Quiz yourself: Local variables and unary operators

Test your knowledge of Java—and your debugging skills too.

December 14, 2020 | Download a PDF of this article
More quiz questions available here

If you have worked on our quiz questions in the past, you know none of them is easy. They model the difficult questions from certification examinations. We write questions for the certification exams, and we intend that the same rules apply: Take words at their face value and trust that the questions are not intended to deceive you but to straightforwardly test your knowledge of the ins and outs of the language.

Given the following method:

public void unaryOps() {
    int x,a = 20;  // line n1		
    a = a-- - --a + a++;
    x = --a + --a + ++x; // line n2
    System.out.print(a + " " + x);

What is the result? Choose one.

A. Compilation fails due to line n1.
B. Compilation fails due to line n2.
C. 18 38
D. 18 58

Answer. The objective of this Java SE 11 question looks complex at first glance; it’s set up so you might think the focus is the behavior of the unary increment and decrement operators, but in fact there’s a much simpler key to it. Everything hinges on the declaration, initialization, and usage rules for local variables.

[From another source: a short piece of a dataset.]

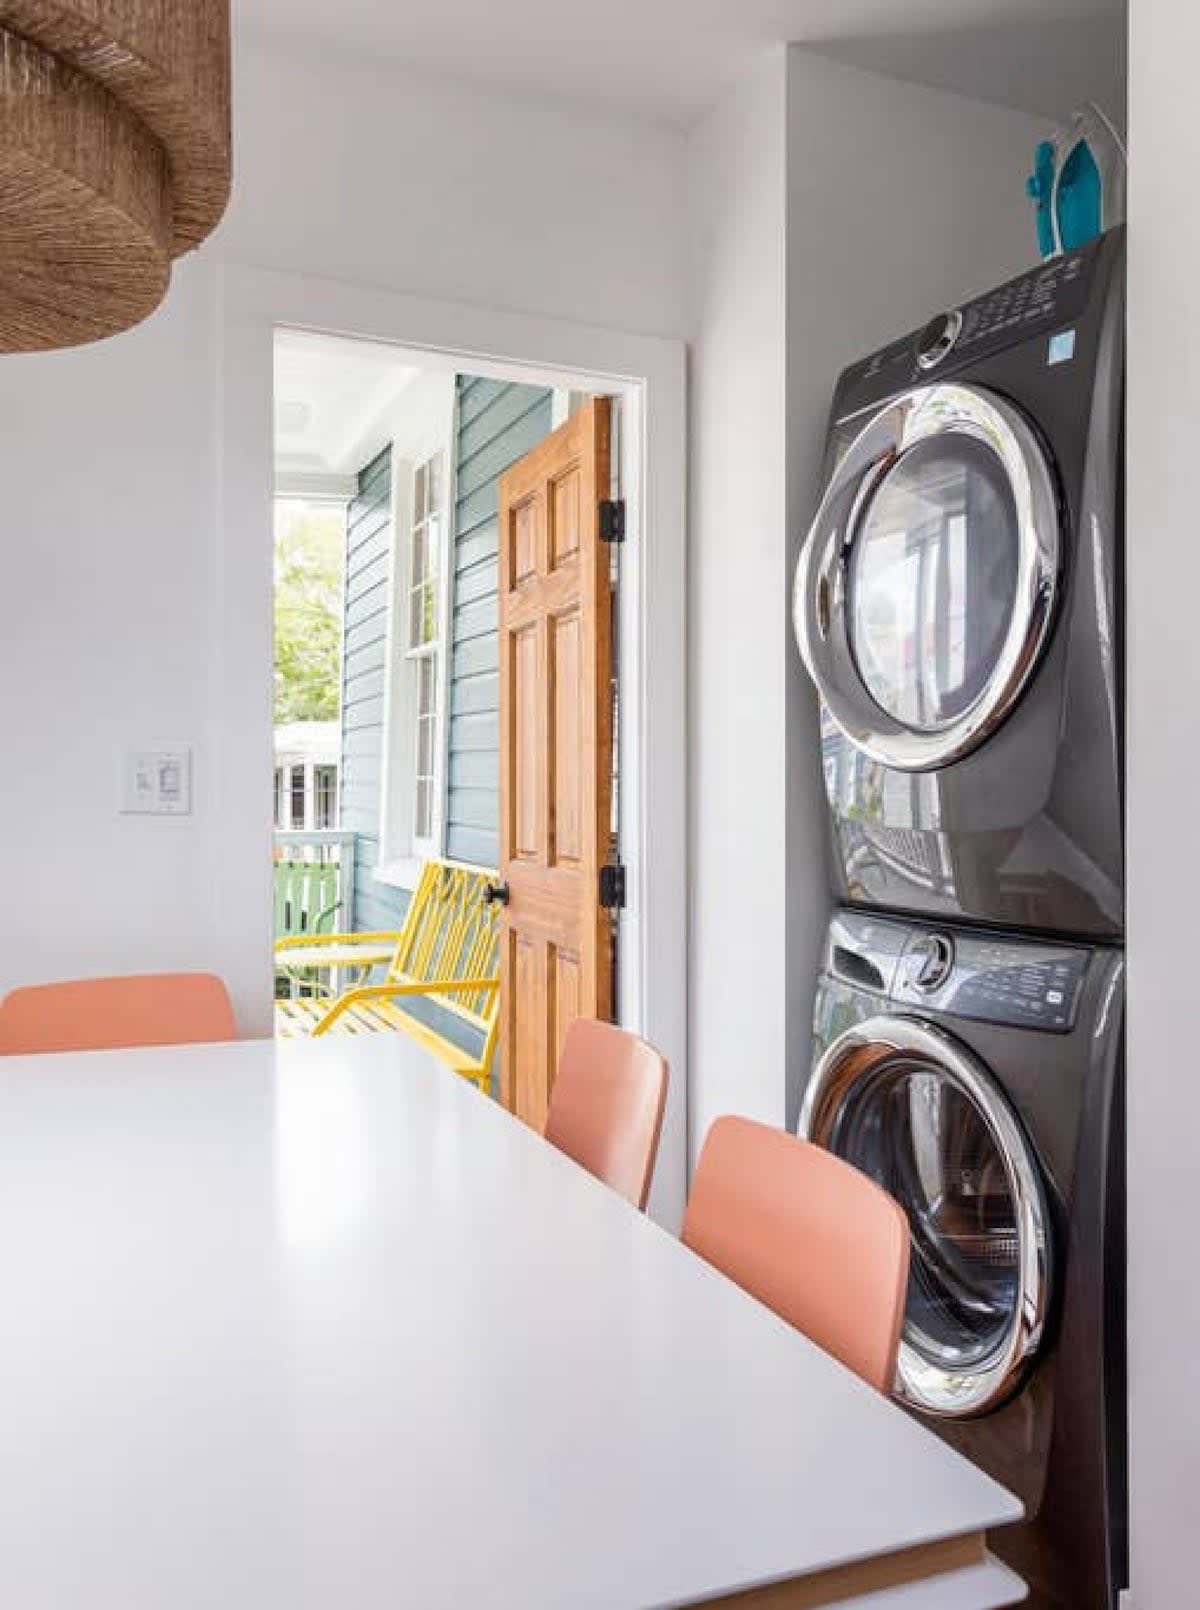 High end Washer and dryer with Steam Capabilities to get those wrinkles out!

By the time you’ve taken this code apart, you could be forgiven for thinking it’s a silly evaluation of test-taking skills, which is an objection often leveled at exams of all kinds. A better way to think about it is as an evaluation of debugging skill. There is a strong human tendency to focus on the first idea, ignoring other possibilities. That will distract you in a question like this, and the same tendency will make you miss things during debugging.

Enough justification: Let’s look at the question.

The construction of line n1 is valid; it’s equivalent to this more verbose—and probably stylistically preferred—construction:

int x;
int a = 20;

This tells you that option A is incorrect.

As you look at that expanded form of line n1, notice that the int variable x is not initialized. That’s always a possible issue in any language. In Java, local variables cannot be read from until they are definitely initialized. In other languages, strange and unrepeatable behavior is likely.

Next, notice that line n2 attempts to increment x. This is on the right side of the assignment to x. The right side of any assignment expression must be evaluated before the assignment can occur, which means that at the point the code attempts to increment x, no initial value has been assigned. Since incrementing is really a read-increment-assign sequence, this must fail. From this you can determine that the ++x subexpression in line n2 will cause compilation to fail and that option B is correct.

It’s perhaps useful to consider what would happen if x were initialized. Two possible interpretations of the code on line 1 might seem reasonable even though they’re incorrect. One is that x might have picked up a default value of zero, and the other is that it might have been assigned the same value as a, which is 20.

If x were initialized to zero, the correct option would be C. The first line performing computations, which is this:

a = a-- - --a + a++;

would evaluate as shown in Figure 1:

How the first line of computations evaluates

Figure 1. How the first line of computations evaluates

And the assignment expression results in this:

a = 20 - 18 + 18

Thus a contains the value 20 after this line.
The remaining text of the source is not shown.